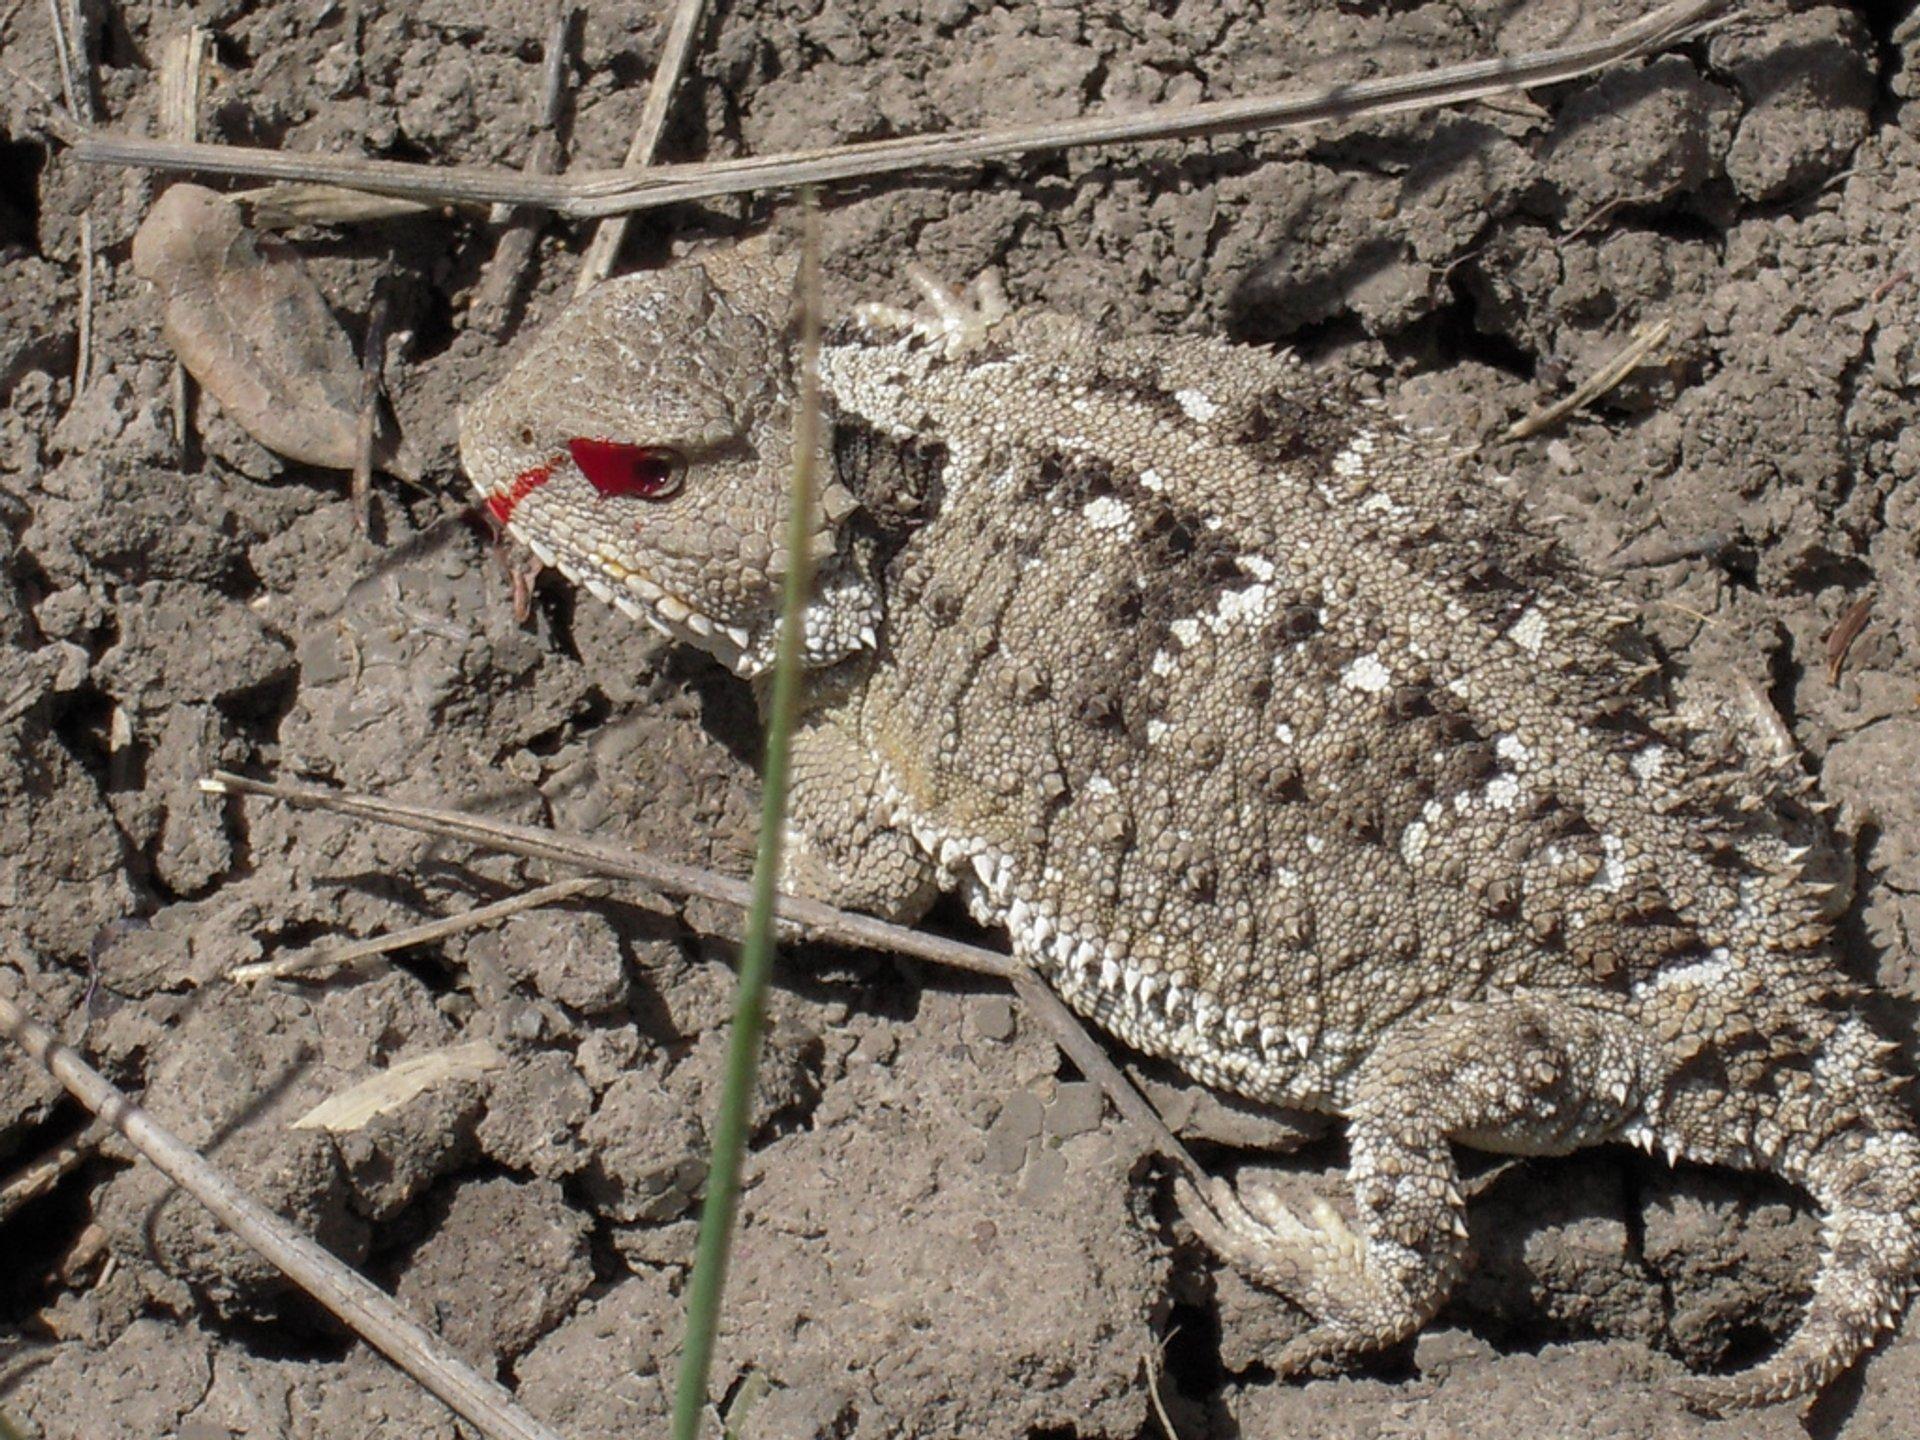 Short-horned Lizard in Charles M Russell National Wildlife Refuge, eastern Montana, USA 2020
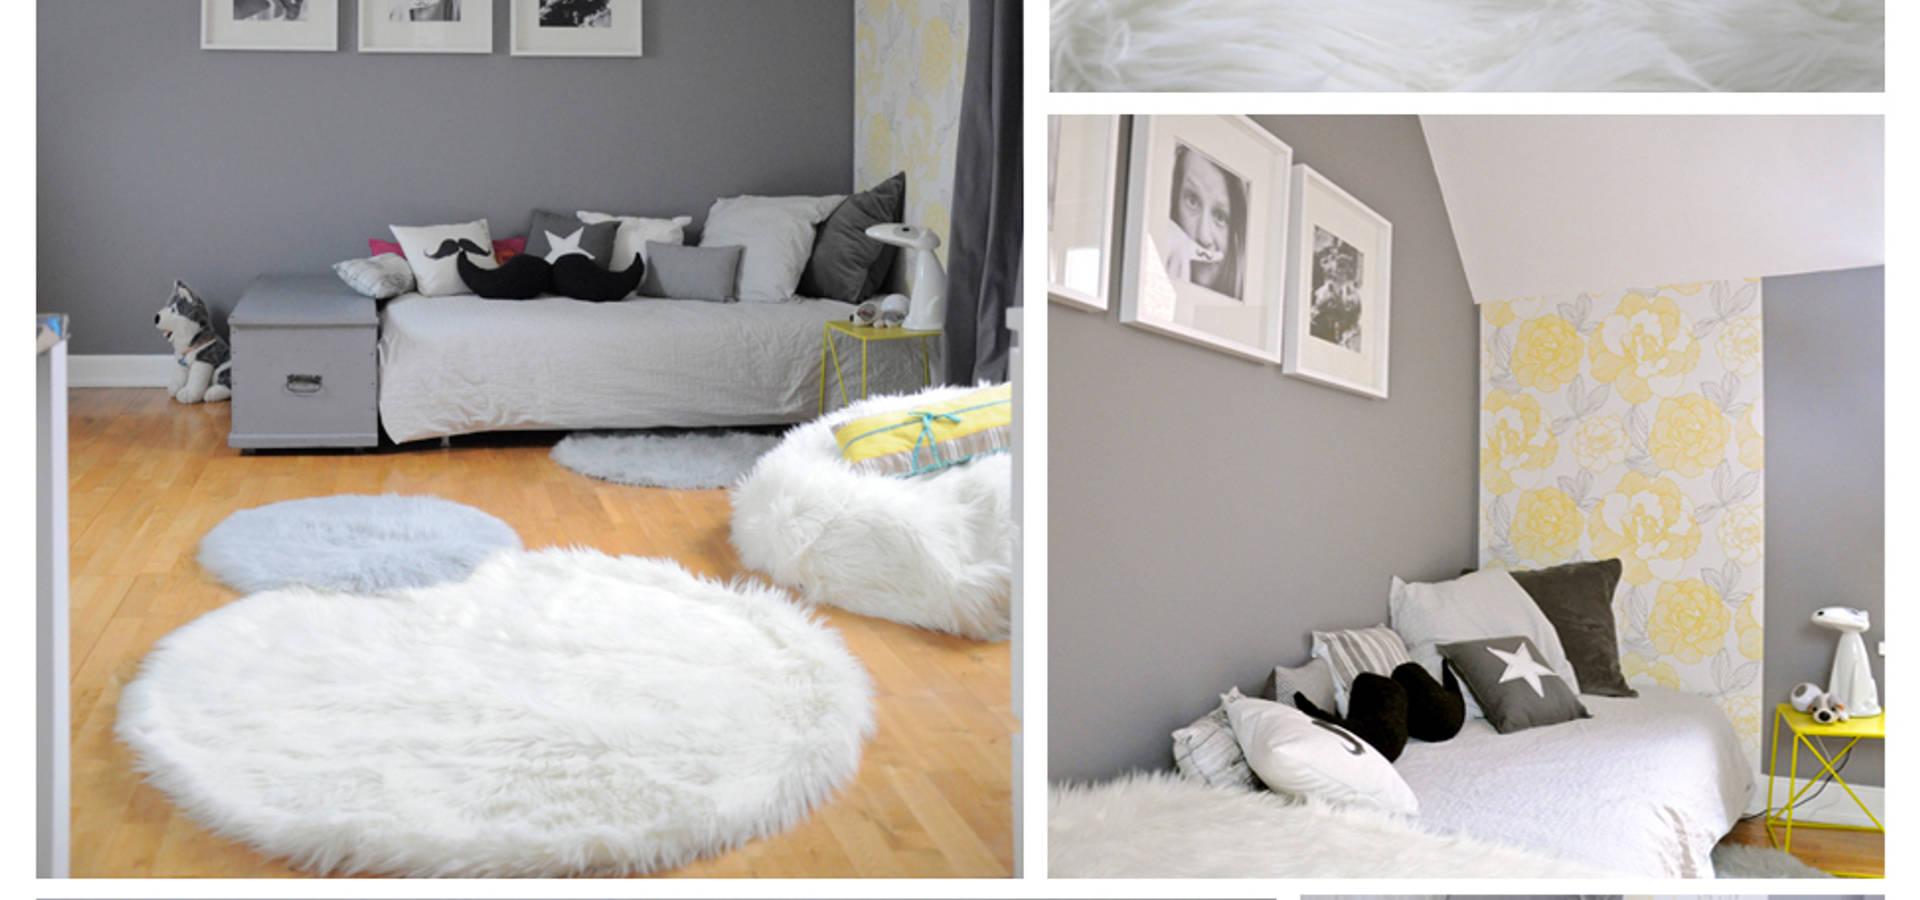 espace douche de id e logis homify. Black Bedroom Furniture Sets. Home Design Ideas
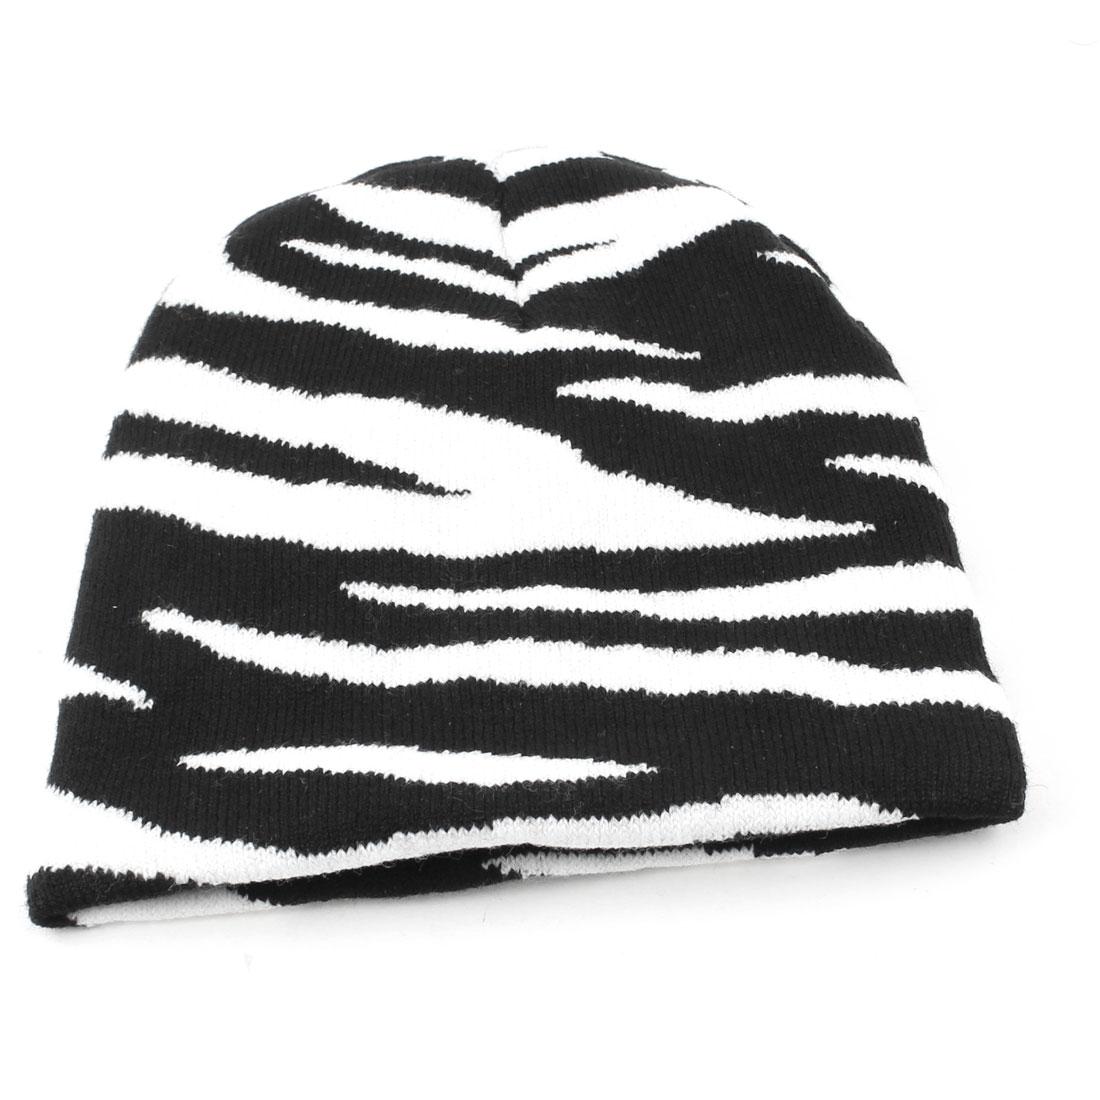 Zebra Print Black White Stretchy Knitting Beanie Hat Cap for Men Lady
• • • • •
Retype all of the material above exactly; the pictures stay out.

 Short-horned Lizard in Charles M Russell National Wildlife Refuge, eastern Montana, USA 2020
 espace douche de id e logis homify. Black Bedroom Furniture Sets. Home Design Ideas
 Zebra Print Black White Stretchy Knitting Beanie Hat Cap for Men Lady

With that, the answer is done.